Investors adopted a wait-and-see attitude on the economy, despite Federal Reserve Chairman Alan Greenspan’s improved assessment, and bid stocks modestly lower Wednesday as Wall Street waits for better economic and earnings news.

While Greenspan said the economy has “regained some traction” after the summer’s slowdown, investors looked past his congressional testimony, focusing instead on uncertainty about the health of the economy, third-quarter earnings pre-announcements and fiscal policy.

Greenspan gave no strong indications whether the Fed would raise interest rates at its meeting Sept. 21. While many analysts believe a quarter percentage point increase is likely, others wonder if election year politics will cause the Fed to skip a rate hike until November. The benchmark rate stands at 1.5 percent.

“Between the economy the way it is and the election coming up, I don’t think the Fed will raise rates this month,” said David Legeay, senior vice president at McDonald Financial Group. “It’s still a show-me recovery, and a lot of businesses are waiting to see how the economy fares and what the Fed will do before they make any big investments.”

The Dow Jones industrial average fell 29.43, or 0.3 percent, to 10,313.36.

Broader stock indicators were also lower. The Standard & Poor’s 500 index was down 5.03, or 0.4 percent, at 1,116.27, while the Nasdaq composite index dropped 7.92, or 0.4 percent, o 1,850.64.

With terror fears fading after the close of the political conventions and oil prices on the decline, investors are firmly focused on economic numbers, with an eye toward how the Fed will interpret the data when it looks at interest rates.

Since third-quarter earnings will likely be reduced due to the summer’s high oil prices, the market has mostly discounted the upcoming earnings season — even though double digit profit growth is still likely — with hopes of a resurgence in profits in the fourth quarter to go along with the elections and, hopefully, more strength in the economy.

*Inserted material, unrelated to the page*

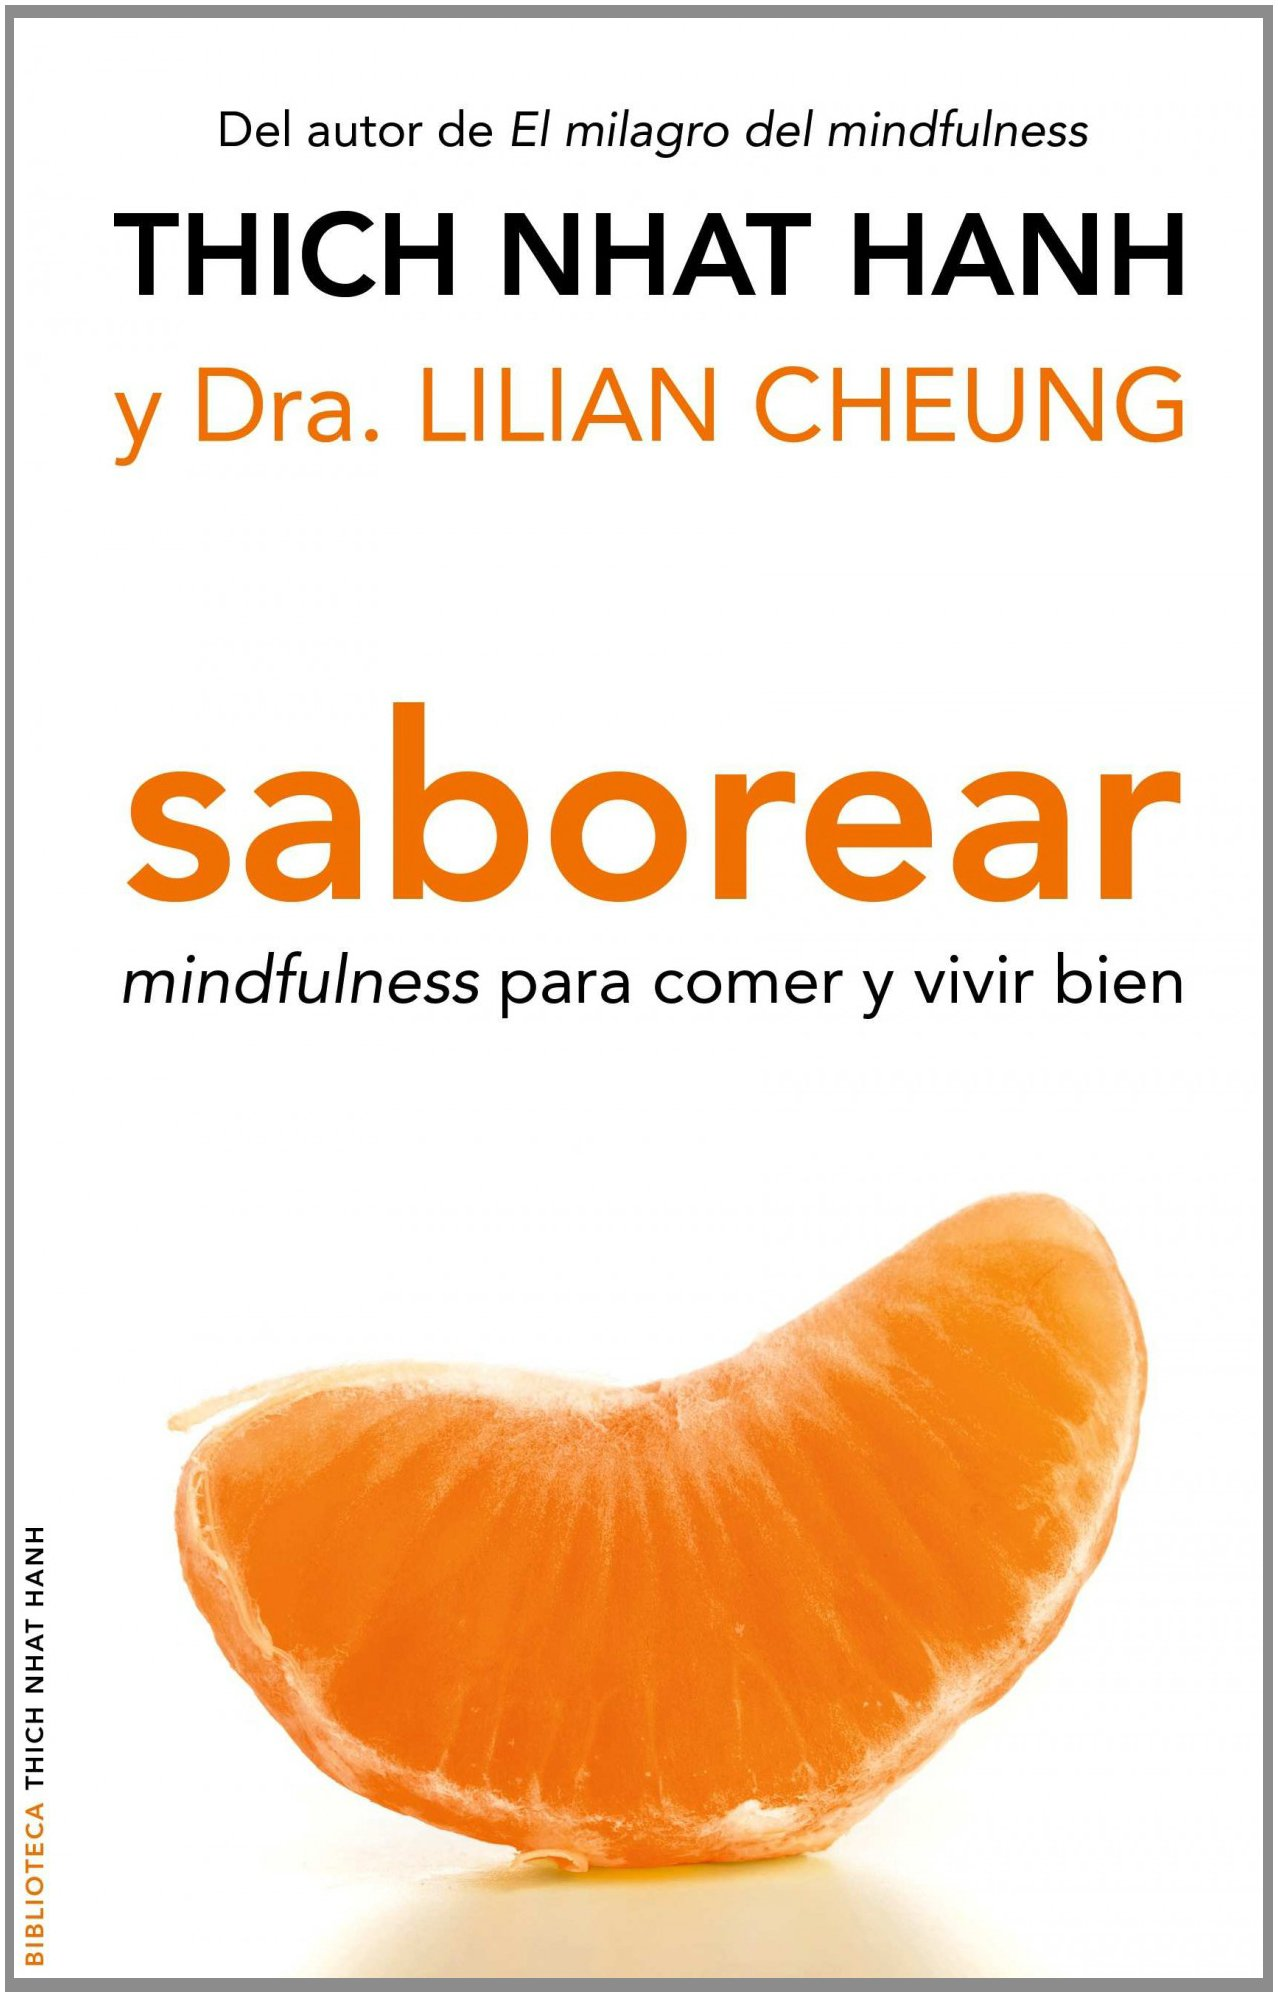 Saborear: mindfulness para comer y vivir bien (Biblioteca Thich Nhat Hanh) Tapa blanda – 4 mar 2011 Lilian Cheung Ediciones Oniro 8497545184 Cooking / General

“Clearly, everyone wants to know what the catalyst is going to be to send this market higher,” said Brian Belski, market strategist at Piper Jaffray. “One, we now have a lack of negative news of the kind that impacted the market over the summer. But more importantly, we’ve been increasingly conservative on earnings growth estimates, and those numbers will have to start going up if we’re going to rally.”

Despite his cautiously optimistic assessment, Greenspan echoed Wall Street’s concerns over oil prices, which have fallen from record highs in recent weeks but stubbornly remain above $40 per barrel. A barrel of light crude for October delivery was quoted at $42.77, down 54 cents, on the New York Mercantile Exchange.

Dow component Coca-Cola Co. dropped $2.20 to $43.45 after its chief bottler, Coca-Cola Enterprises Inc., issued warnings over its third-quarter earnings and reduced its full-year outlook due to lower demand for the company’s soft drinks. Coca-Cola Enterprises fell $1.11 to $19.48.

Shares in Wal-Mart Stores Inc. were down 21 cents at $53.08 after the retailer’s chief executive told an investing conference that Christmas sales would likely meet expectations.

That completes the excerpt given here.